1) don't take me into the garden; otherwise, over my condition
2) every moist/wet rose will become a single/particular/excellent/unique blood-scattering eye

Notes:

tar : 'New, fresh; green; young, tender, soft; juicy, moist, damp, wet, wet through, saturated (with moisture, or grease, &c.)'. (Platts p.315)

Nazm:

That is, my state is such that whoever sees it weeps. (27)

== Nazm page 27

Bekhud Dihlavi:

He says, from the grief and sorrow of passion my condition has become so dire and pathetic that whoever sees me has tears begin flowing uncontrollably from his eyes. If you take me with you into the garden, then the fresh, moist roses will become blood-scattering eyes and shed tears of blood at my condition. The necessary result will be that instead of enjoying a pleasant stroll in the garden, you will experience displeasure. (53)

Bekhud Mohani:

'Garden' can also refer to a pleasure gathering; that is, if I go there, then laughing men will begin to weep. (63)

FWP:

SETS == EK; GROTESQUERIE
EYES {3,1}

The lover is apparently so weak that he can hardly walk unaided, so he has to have help in getting around. But despite (or because of?) his weakened condition, he is sympathetic to others: he requests not to be taken into the garden, because the dewy roses will shed tears of blood at his wretchedness.
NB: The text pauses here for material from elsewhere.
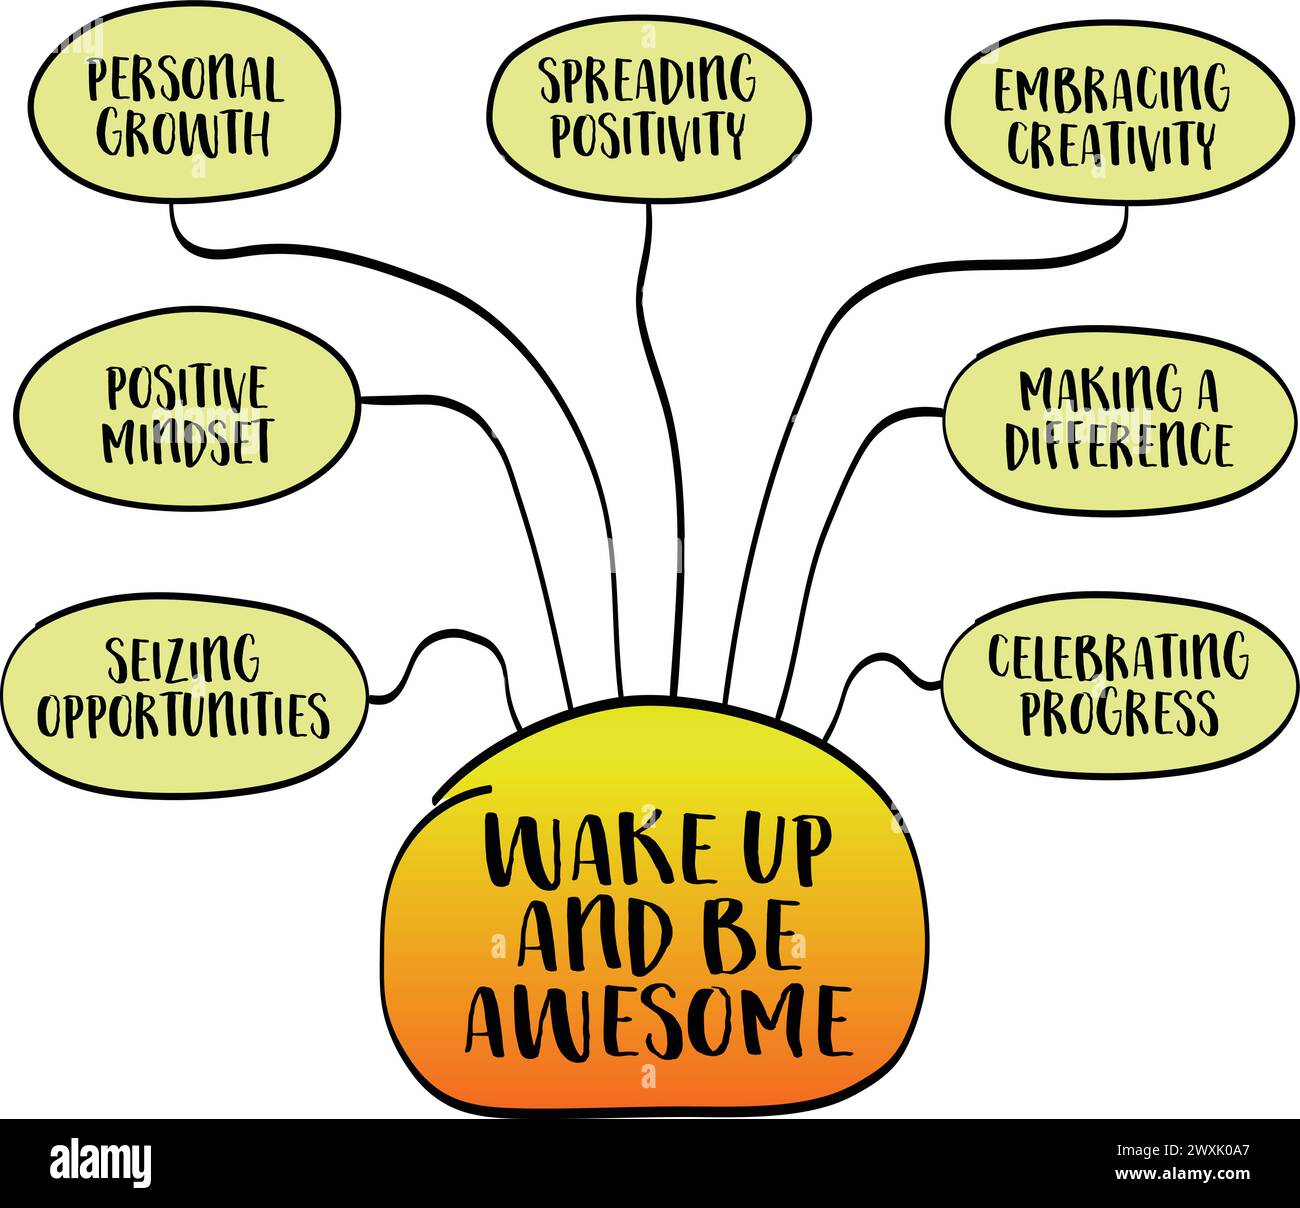 Wake up and be awesome concept encapsulates the idea of embracing each day with enthusiasm, purpose, and a positive mindset, vector sketch. Stock Vector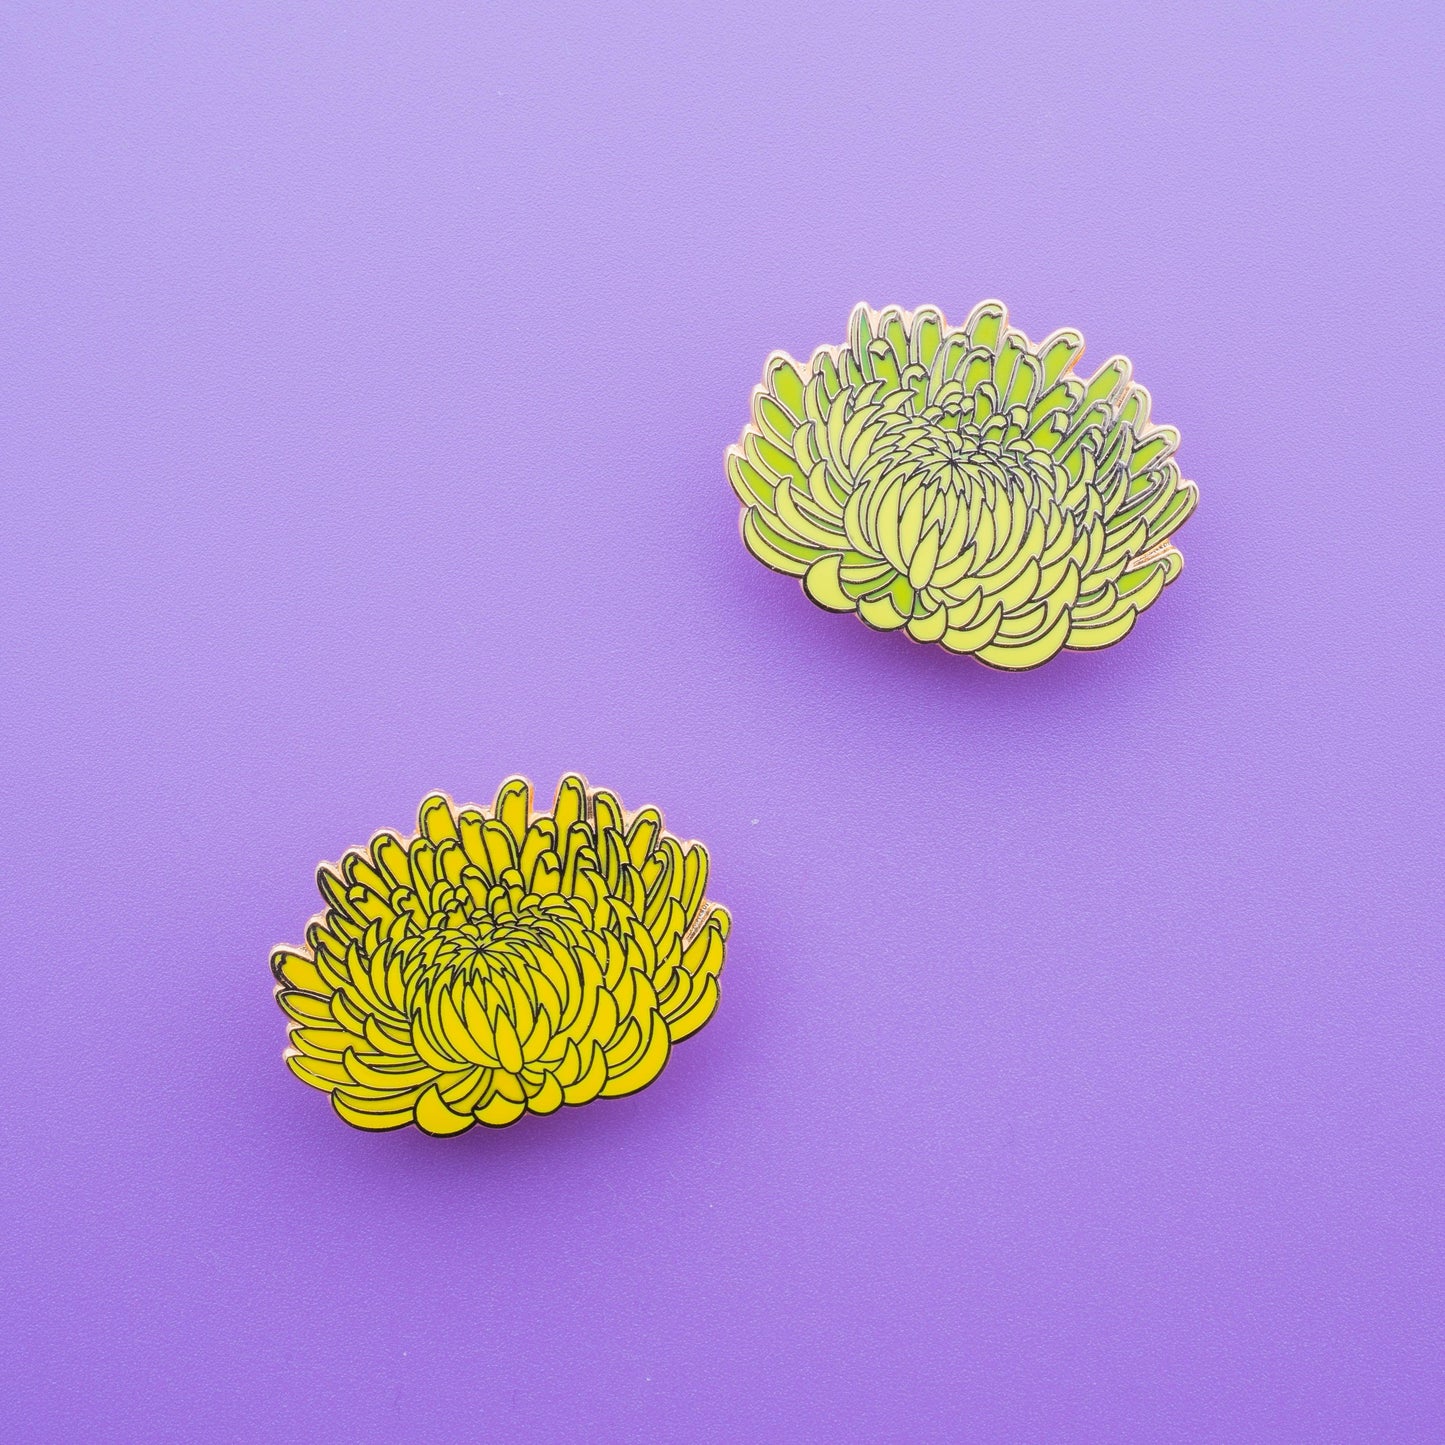 2 beautifully detailed crysanthemum enamel pins, one yellow and one green yellow

To imagine a fresh, moist, dewy rose as 'a single blood-scattering eye' has an obvious metaphorical grounding. The rose is round like an eye, the dewdrops resemble tears, the teardrops are blood-colored because they are on the red rose. But still-- a garden full of single eyes on stalks, each dripping with blood? It sounds like some dire discovery within a :tilism , in the dastan tradition; or Hatim's tree with severed heads hanging off its branches.

Well, perhaps I'm exaggerating a bit. It isn't the most grotesque image Ghalib ever came up with. But still, if you're going to appreciate it, you have to be remarkably far from the real world, and so deep into ghazal convention that you don't actually form a mental image of round red eyeballs, on stems, dripping blood.

Ghalib has in the divan half a dozen such verses. In {62,6}, {173,3}, {234,2}, the lover's eyes are weeping bloody tears of passion; in {147,3} the eyes are Majnun's. But in {183,2}, the beloved's glances create a 'blood-scattering' effect on the lover. And among the unpublished verses, {424x,4} creates a 'blood-scattering' effect of an unclear nature, through the 'gaze' of a seemingly unlikely 'adorner, maidservant'.

There's really nothing at all compelling in the present verse. It's the one-dimensional kind that other poets compose all the time, but Ghalib rarely does.